# Season Dates set?!



## Dead Bird (Oct 2, 2001)

facts...

DELTA is the most listened too org in the US for waterfowl harvest regs....

CWAC in MI has a very strong voice....

the dates will be set based on the most sound data available...

USFWS is a lobby group that tries to make all happy... bird watchers and hunters are all treated equal.... sorta... money speaks...

like it or not the dates will be set and that is the end of the story...

so.. who bought new dekes..


----------



## quackaddict (Aug 15, 2006)

I wouldnt worry about the sunday start thing. they had posted tentive dates on the dnr site last year saying they were starting on sunday. way before the feds made up there mind. needless to say we were setting a feild saturday am like every other year. i do hope they go late start this year though. maybe if h2ofowl populations stay about the same they could at least do an every other year early late kinda thing! it seams every one gets into a east side west side debate this time of year and it seams like a fair answer? what do you guys think. i know i like it later in the year myself. but the long and the short of it is i CANT WAIT TIL DUCK SEASON!!!! later guys -quack:chillin:


----------



## DANIEL MARK ZAPOLSKI (Sep 23, 2002)

i did. i bought some (6) drake goldeneyes--ghg (6) drake bufleheads--ghg 2 dozen bluebills--ghg and i built my own layout tub named the BISMARK. now i have for a first year layout 6 dozen bluebills 5 dozen of which have been hand painted into drakes, 8 cans in the paint process as i write this and four reds plus the 6 reds i already have.
now for this SUNDAY opener insanity!!!! that would just devastate michigan even more than it is. in 40 years of duck hunting i have never heard anything that *****STUPID*****! SEPTEMBER 29TH OR OCTOBER 6TH is much more likely, the feds will make it happen!


----------



## wavie (Feb 2, 2004)

A sunday opener does not even compare to the stupidity of Minnesotas where their season does not start (what ever day it might be) until 12pm that day. Yup, no shooting until noon.


----------



## DANIEL MARK ZAPOLSKI (Sep 23, 2002)

I Guess They Call It A Shotgun Start????????


----------



## soggybtmboys (Feb 24, 2007)

Long Spurs said:


> Heard we are only getting one bluebill as a recomnention going into the CWAC meeting!!!! Worries me as, a layout shooter!


I have not heard this yet, but I tell you what. If they do that, they damn well better be putting pressure on Canada to restrict their limit on Greater and Lesser Scaup!


----------



## flockshot (Feb 23, 2007)

soggybtmboys said:


> I have not heard this yet, but I tell you what.

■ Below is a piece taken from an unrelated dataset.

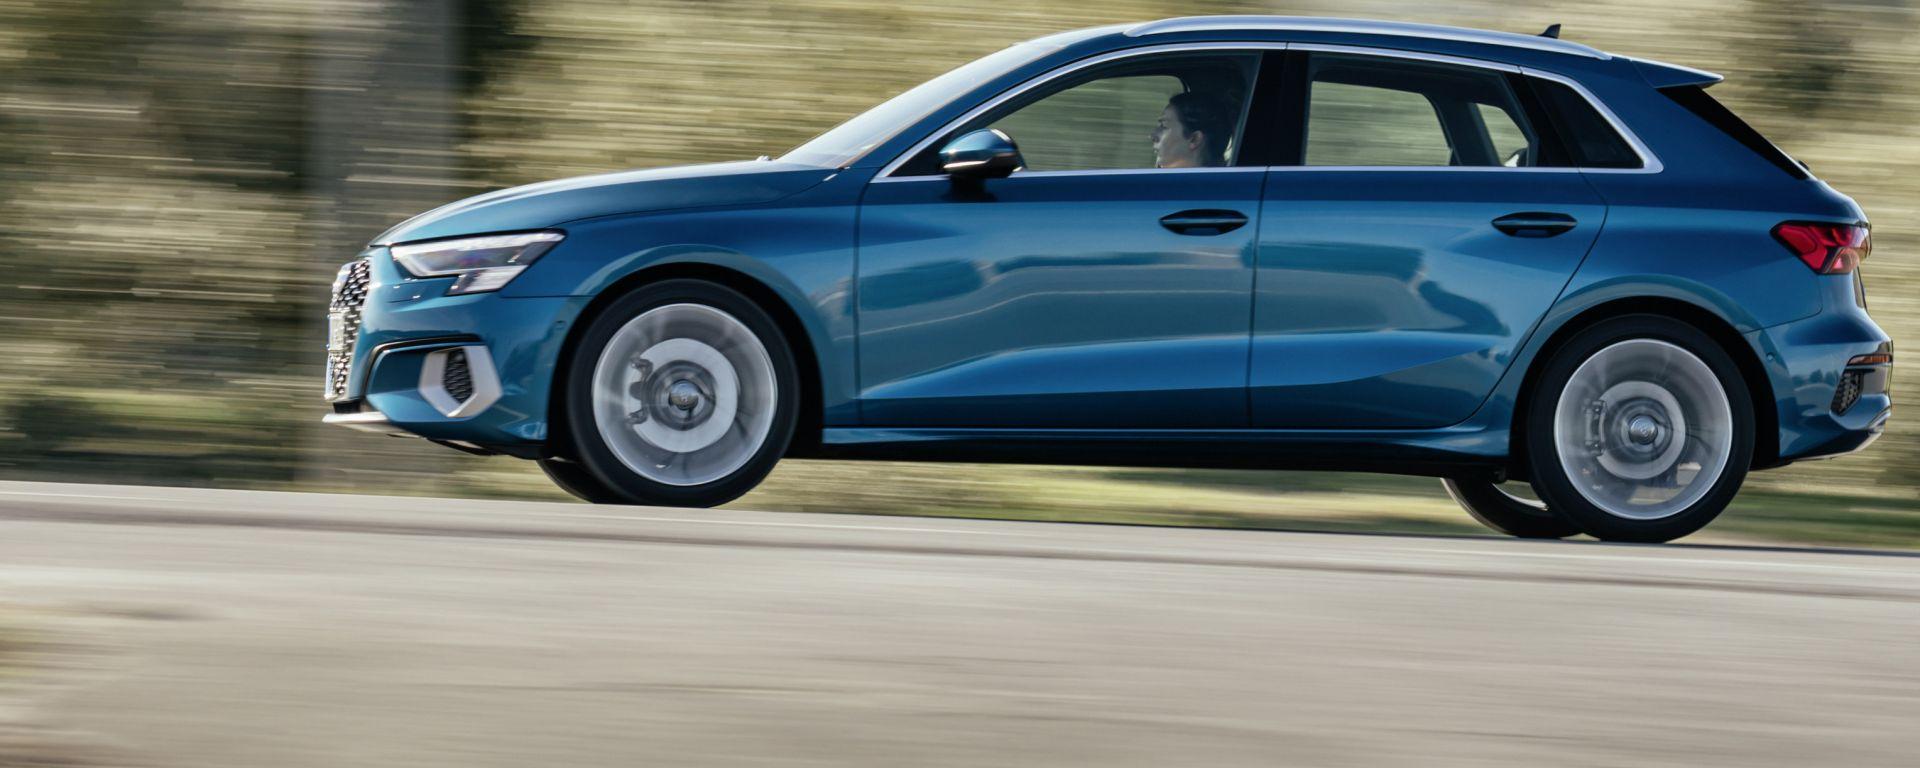 Nuova Audi A3 Sportback 30 TFSI

If they do that, they damn well better be putting pressure on Canada to restrict their limit on Greater and Lesser Scaup!

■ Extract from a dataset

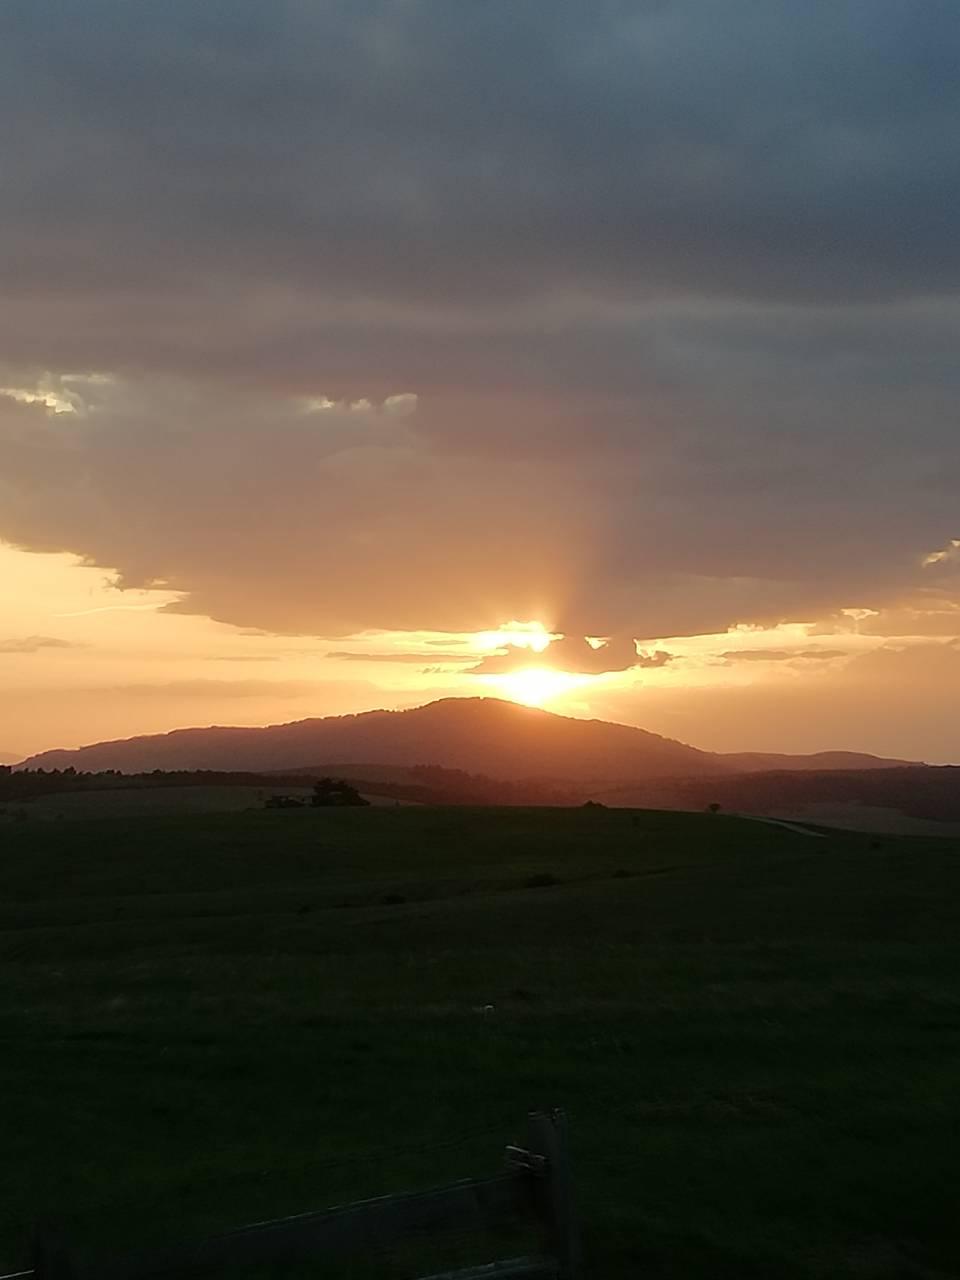 Zalazak_sunca.jpg - 36,80 kB

ahmen....seriously, i lay out hunt alot, and no or one blue bill would really suck, but they blue bills are in trouble, this is the first year in many that theres been a posititve population increase...so i agree with the above poster full heartadly,...i dont mind them trying to help a duck, but i do mind half logic.


----------



## The Doob (Mar 4, 2007)

According to DU, the breeding population is up 14% and the nesting success in the one test site was slightly above average with conditions favorable for continued brood survival. The breeding numbers are as follows(quoted in millions):
Gadwall - 3.3
Widgeon - 2.8
GW teal - 2.9
Shoveler - 4.5
Redhead - 1.0
Scaup - 3.4

The numbers point to a 60 day season with a 6 duck limit. Now if they allow you to take 6 of any of the above listed species, except 2 redheads, the bluebill should be able to withstand the 06 bag limit of 2 .


----------



## dinoday (Feb 22, 2004)

Dead Bird said:


> so.. who bought new dekes..


Just happened on some mallards with a new bag at a garage sale the other day...couldn't pass it up...a few of mine got battle wounds last season:evil:

The season will be whatever they will be,but I'm hoping for a little later than what they are posting right now...I hate warm weather hunting....give me rain,wind,snow and ice:coolgleam


----------



## decoy706 (Jul 28, 2006)

Anyone heard what went on this past weekend at the Flyway meeting ?????


----------



## ScavengerMan (Sep 6, 2006)

wavie said:


> A sunday opener does not even compare to the stupidity of Minnesotas where their season does not start (what ever day it might be) until 12pm that day. Yup, no shooting until noon.


 
When I started hunting ducks in Michigan the opener didn't start until 10:00 AM. 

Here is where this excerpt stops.